I've read many posts about how the wife was 100 percent ready to get divorced the suddenly changes her mind after the husband decides to go his own way? I mean why does the woman wait? Why does she not try and say shes changed her mind while the husband is telling her how much he loves and misses her? Instead the wife waits until the husband says the hell with it, im moving on?

Im sure many have read those same kind of posts. Im just curious is to why a woman waits until the man has giving up?


----------



## Affaircare (Jan 11, 2010)

chitown~

To some small degree I disagree with CorpusWife but not entirely. I would disagree with "going out on dates" for the fun of it for two reasons: #1-you are not single and thus not available yet, and #2-the woman you'd be dating needs to be considered. What happens if you date a lady "just for fun" and she really a wonderful person? Smart, funny, beautiful inside and out? You could easily put yourself into the position of thinking of her rather than thinking of your wife, and we don't want to go there right now. There's enough going on!  Also, what if the lady meets you and just thinks you are awesome? Well... we all know you are  but I mean she could start to have feelings for you and then what "Sorry I need to go back to my wife now--I was just using you for an experiment." That's not too cool. 

However, CorpusWife really does have the right idea and that's why I wanted to talk to you about this: 


chitown said:


> I've doing a lot of reading on this topic and it does seem to me that the people that have got there wife or husband back after they filed for divorce are the ones that just said eff it and went about there business and stopped all contact.
> 
> I wonder why that works?


I don't think so much that the spouses say "Eff it". If you think about it, if you told your wife "I am not too happy and I'm thinking about leaving" and she got all needy and begged you and hung on your leg...would that make you think "Huh I want someone who acts like that--all weak and clingy"? Or would you want someone who would stand on their own two feet and be a little brave and say, "I want you in my life but I'm willing to admit I made some mistakes."? See the difference?

This is why overall I think CorpusWife is exactly right on. If you make promises and say you love her so much, your wife will likely think "Yeah yeah I've heard all this before and nothing changes." So don't say "Eff it" ... say "I want you in my life but I am perfectly capable of living a happy, fulfilling life without you too." If you just eff it, that's like saying you don't care and can't be bothered anymore, and that's like closing your heart and being hard.
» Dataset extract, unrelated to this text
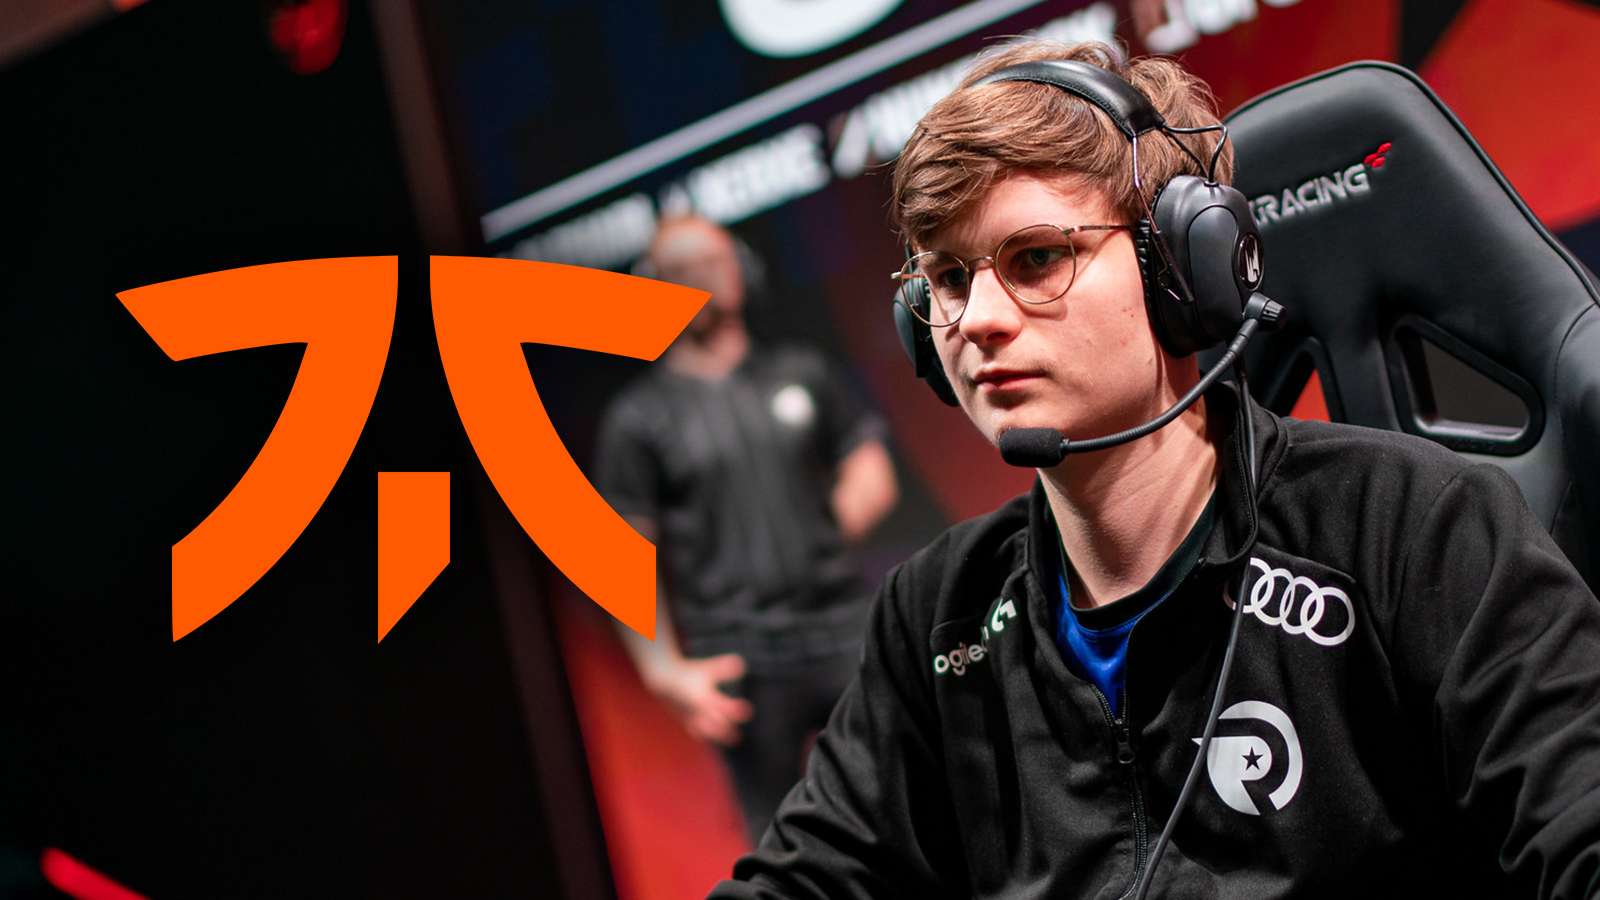 Upset moving to Fnatic for LEC 2021

Nope, this method of taking back your power is like saying you do care, very much, but it's a choice and you are a grown up, able man who can be strong and get on with life and still be a good man. 

Make sense? That's why it works. Because when it's all begging and "I love you don't leave" that is something that will smother and kill because you don't respect yourself at all. This way--the "take back your power way" means that you would love to have her back but you respect yourself too much to be treated poorly.


----------



## Corpuswife (Apr 24, 2009)

This topic is discussed thoroughly in Dr. Dobson's book..."When Love Must Be Tough." 
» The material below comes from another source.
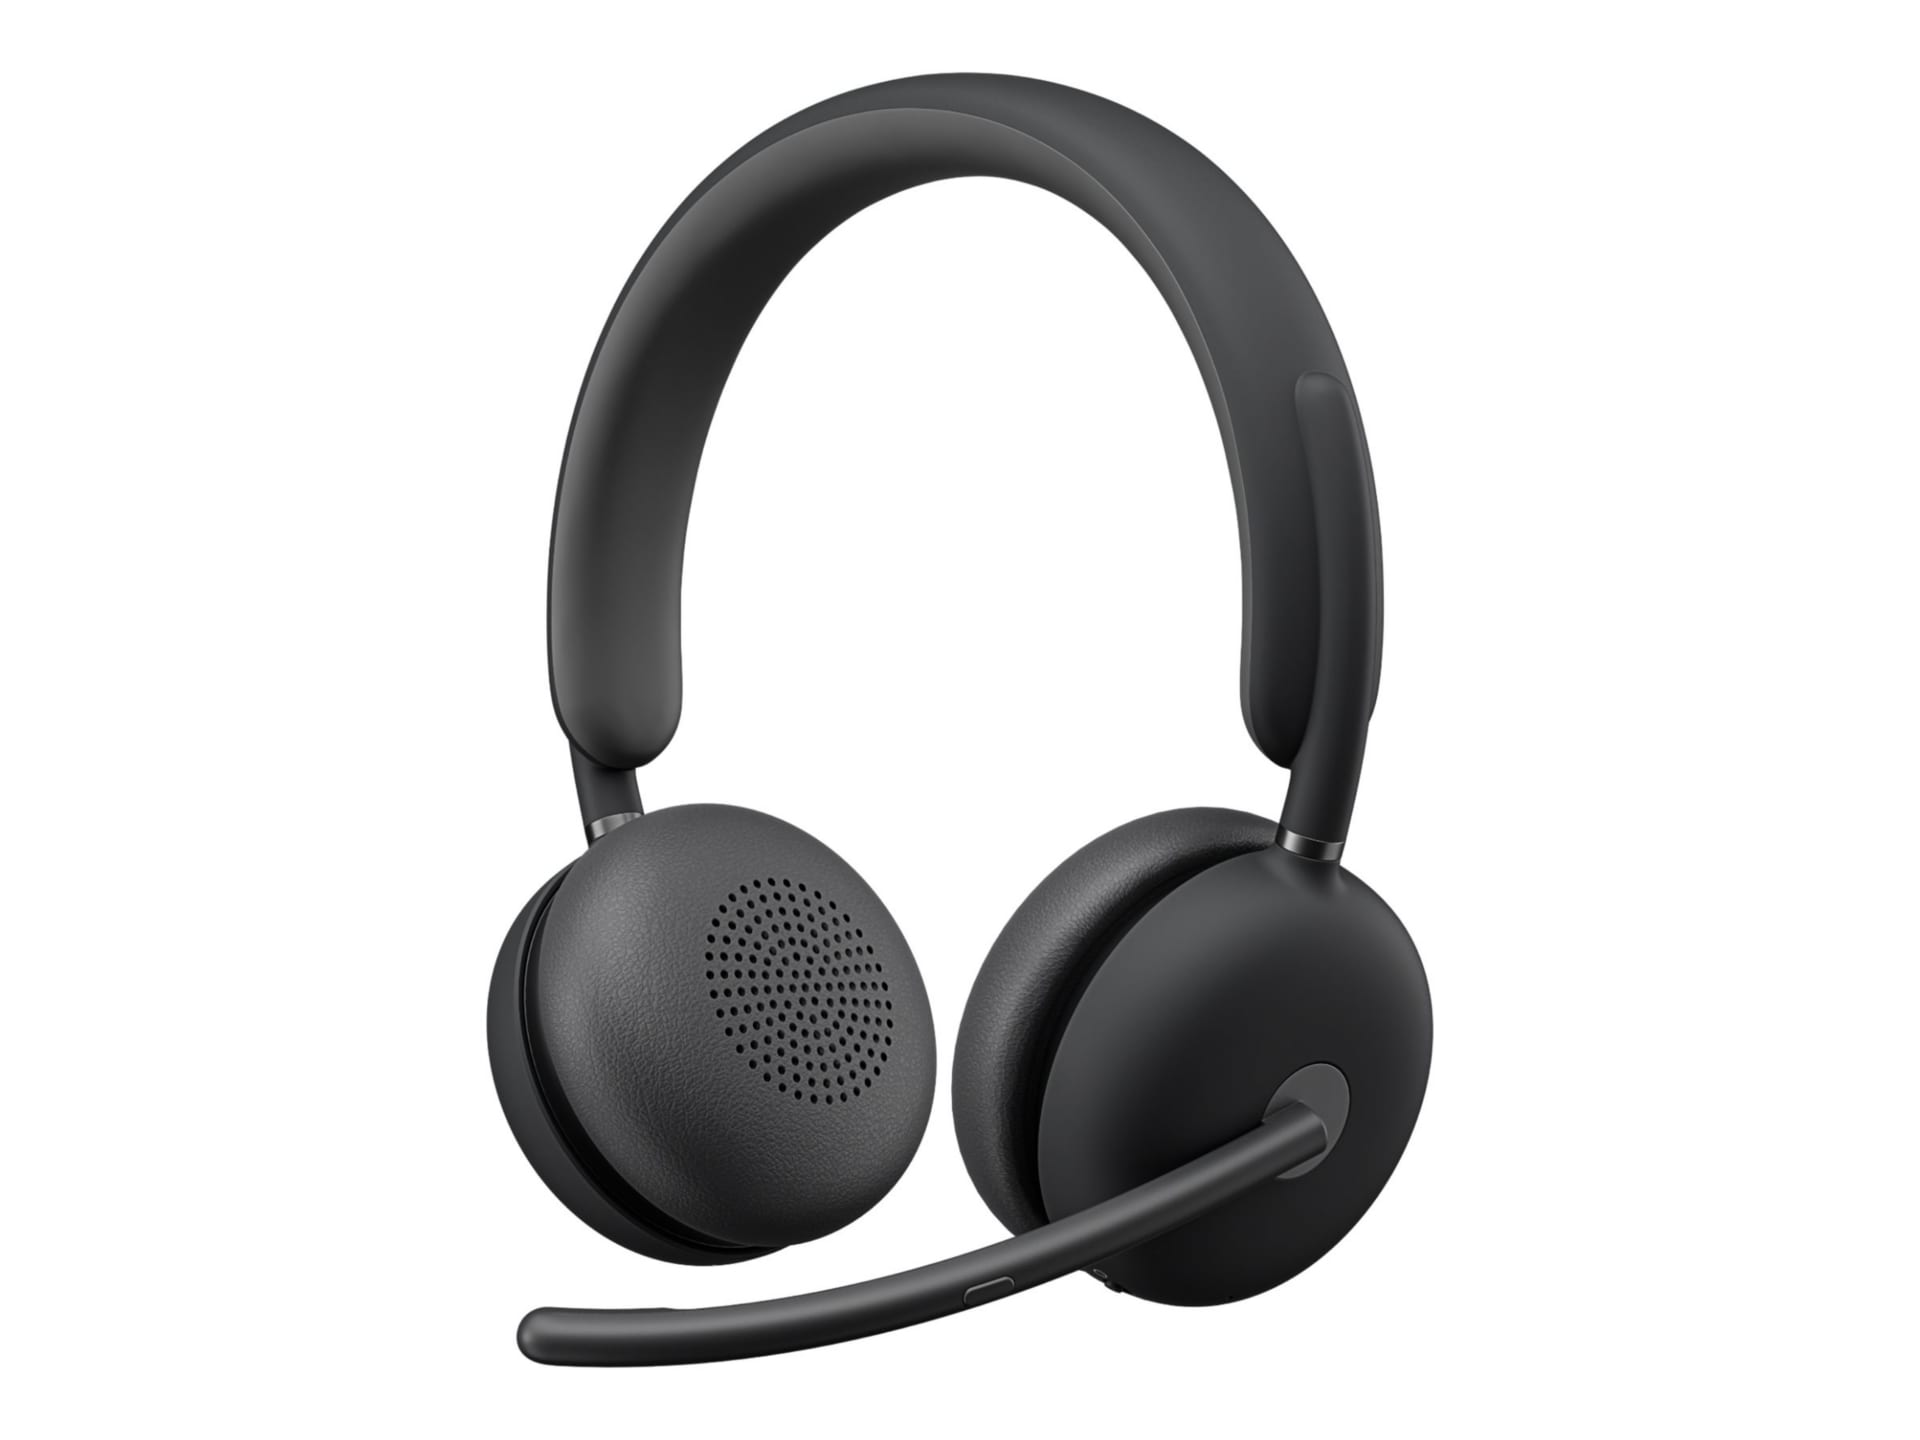 Logitech Zone 950 Premium Noise Canceling Headset with Hybrid ANC, Certified for Zoom, Google Meet, Google Voice, Fast

It's a basic book but encourages the one being left to gain their confidence and composure during the "tough love" phase or no contact.

Of course, Dr. Dobson in no way advocates dating. I'm not saying dating the same woman multiple times. Date different women and be truthful. It's not about a relationship..it's dinner. 
No matter how you see it...it's like playing a game. I'm not "politically correct" in my words with marriage being a game. It's more of a lack of a better choice of words.

The game part of this is having your wife uncover feelings that she thought were lost. It doesn't work all of the time. 

Part of Dobson's book mentions the game of chasing (needy) and imagining your spouse in a cage. Once you open that cage door...to release them (quit chasing)...they look out of the cage and wonder...."do I really want to go."


----------



## Affaircare (Jan 11, 2010)

Yep I'm familiar with Dobson's book and this site about it: "Love Must Be Tough". That's why I overall agree with the concept but just not the exact dating application. Now, if chitown has a female cousin and they meet at Applebees and catch up on old times.... :smthumbup: But I think asking someone out, trolling singles places for a "date" etc. is really asking for trouble in a marriage that's already vulnerable. In my personal opinion, it's not too wise to convince a spouse to end their affair by flirting with one yourself! That's when it gets real weird. 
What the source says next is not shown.